Democracy in America: Historical-Critical Edition of De la démocratie en Amérique, ed. Eduardo Nolla, translated from the French by James T. Schleifer. A Bilingual French-English editions, (Indianapolis: Liberty Fund, 2010). Vol. 3.

Part of: Democracy in America: Historical-Critical Edition, 4 vols.

About Liberty Fund:

Liberty Fund, Inc. is a private, educational foundation established to encourage the study of the ideal of a society of free and responsible individuals.


chapter 14a

Of the Literary Industryb

Democracy not only makes the taste for letters penetrate the industrial classes, it introduces the industrial spirit into literature.

[In aristocratic centuries you often take literature as a career, and in the others as a trade.]

In aristocracies, readers are particular and few; in democracies, it is less difficult to please them, and their number is prodigious. As a result, among aristocratic peoples, you can hope to succeed only by immense efforts, and these efforts which can bring a great deal of glory cannot ever gain much money; while among democratic nations, a writer can hope to obtain without much cost a mediocre fame and a great fortune.c For that, he does not have to be admired; it is enough that he is enjoyed.d

The always growing crowd of readers and the continual need that they have for something new assures the sales of a book that they hardly value.

In times of democracy, the public often acts toward authors like kings ordinarily do toward their courtiers; it enriches them and despises them. What more is needed for the venal souls who are born in courts, or who are worthy to live there?

Democratic literatures always swarm with these authors who see in letters only an industry,e and, for the few great writers that you see there, you count sellers of ideas by the thousands.

[a. ] Democracy not only makes the taste for letters penetrate the industrial classes, it introduces the industrial spirit into literature.

Since readers are very numerous and very easy to satisfy because of the absolute need that they have for something new, you can make your fortune by constantly producing a host of new but imperfect works. You thus easily enough attain a small glory and a great fortune.

Democratic literatures for a small number of great writers swarm with sellers of ideas (YTC, CVf, p. 15).

[b. ] On the jacket of the chapter: “Small chapter that seems to me too short (given its merit) and that must, I believe, be combined or even destroyed.” In the manuscript you also find a draft of the chapter, but no rubish exists for it. The central idea of this chapter, as Reino Virtanen (“Tocqueville and the Romantics,” Symposium 13, no. 2, 1959, p. 180) has remarked, recalls the article of Sainte-Beuve, “De la littérature industrielle,” Revue des deux mondes, 19, 1839, pp. 675–91. Cf. Marie, I, p. 248.

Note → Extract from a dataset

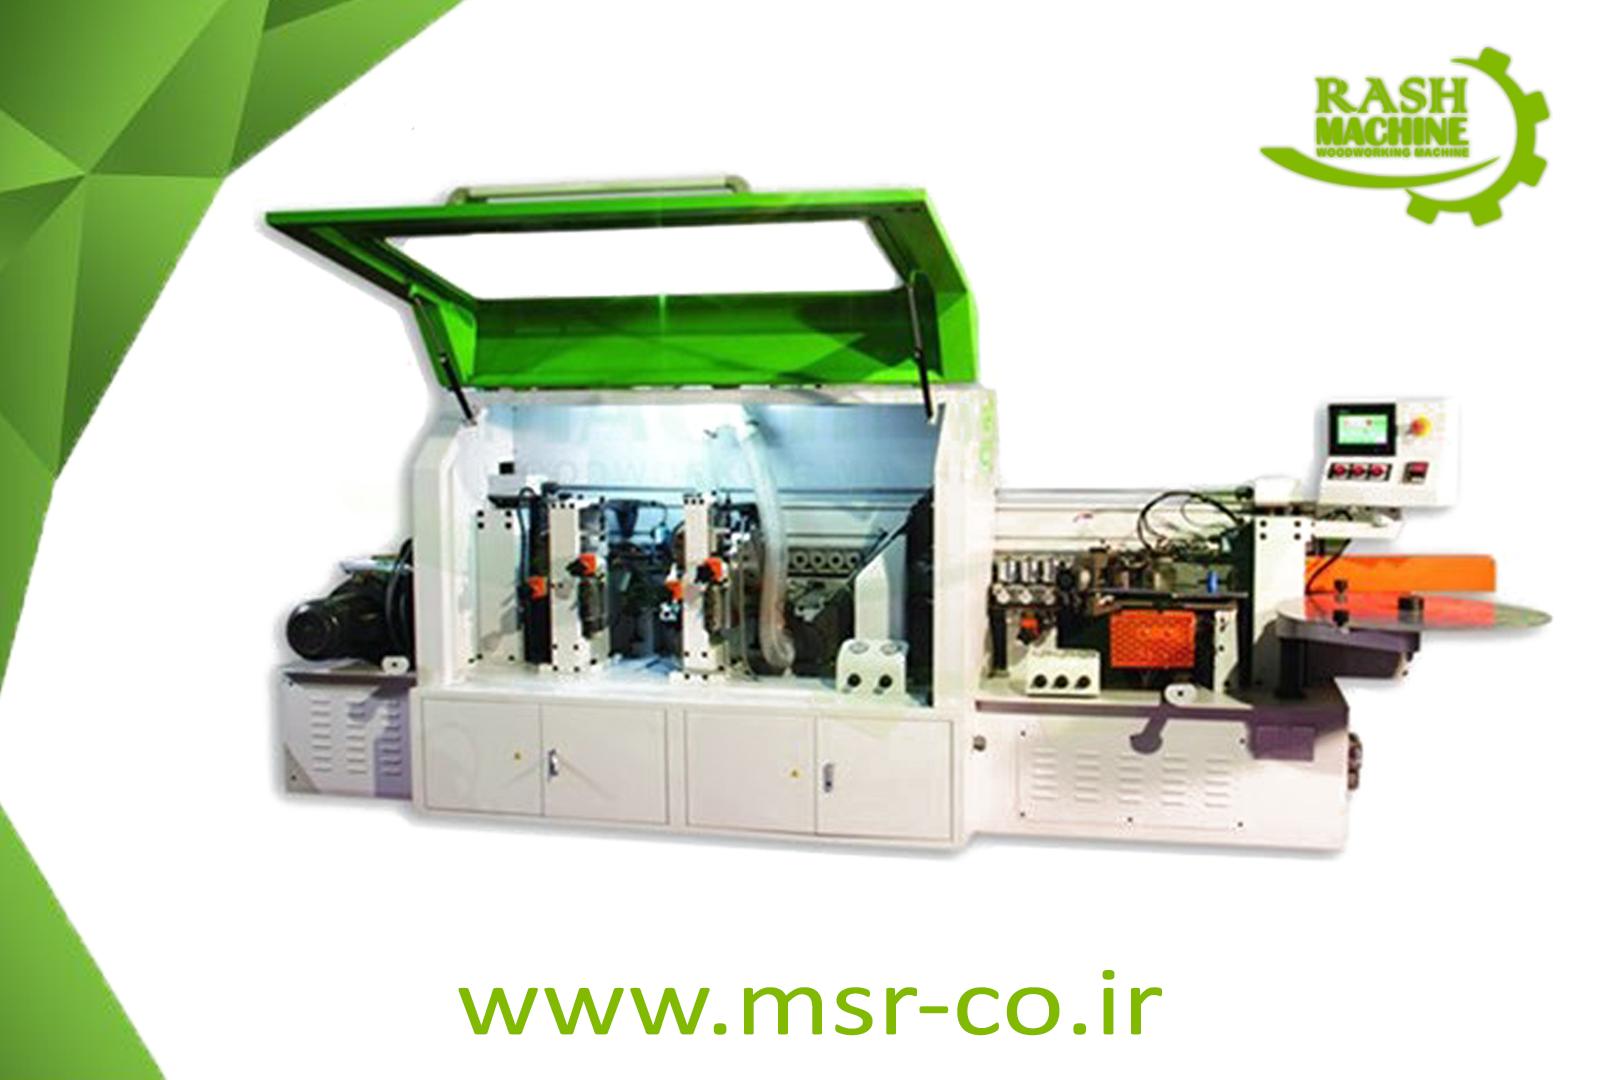 Adhesive edge MSR-5000

[c. ] In the draft: “It would be very useful to know what Corneille, Racine and Voiture gained from their works.”

[d. ] In the draft:

Not only do the Americans make few books, but also most of their books seem written solely with profit in view. You would say that in general their authors see in literature only an industry and cultivate letters in the same spirit that they clear virgin forests. That is easily understood.

[In the margin: This must probably be deleted, for the Americans cannot present the image of opposites.

If in literature they are subject to the aristocratic genius of the English, as I said previously, how can they present the vices of the literary genius of democracies?

That is not yet clear however.]/

The fault comes in the word literature. The Americans do not have literature, but they have books and what I am saying about their books is true.

[e. ] In the draft: “Authors desire money more than in aristocratic centuries because money is everything./

“They earn money more easily because of the multitude of readers./“And the less they aim for perfection, the more of it they earn.”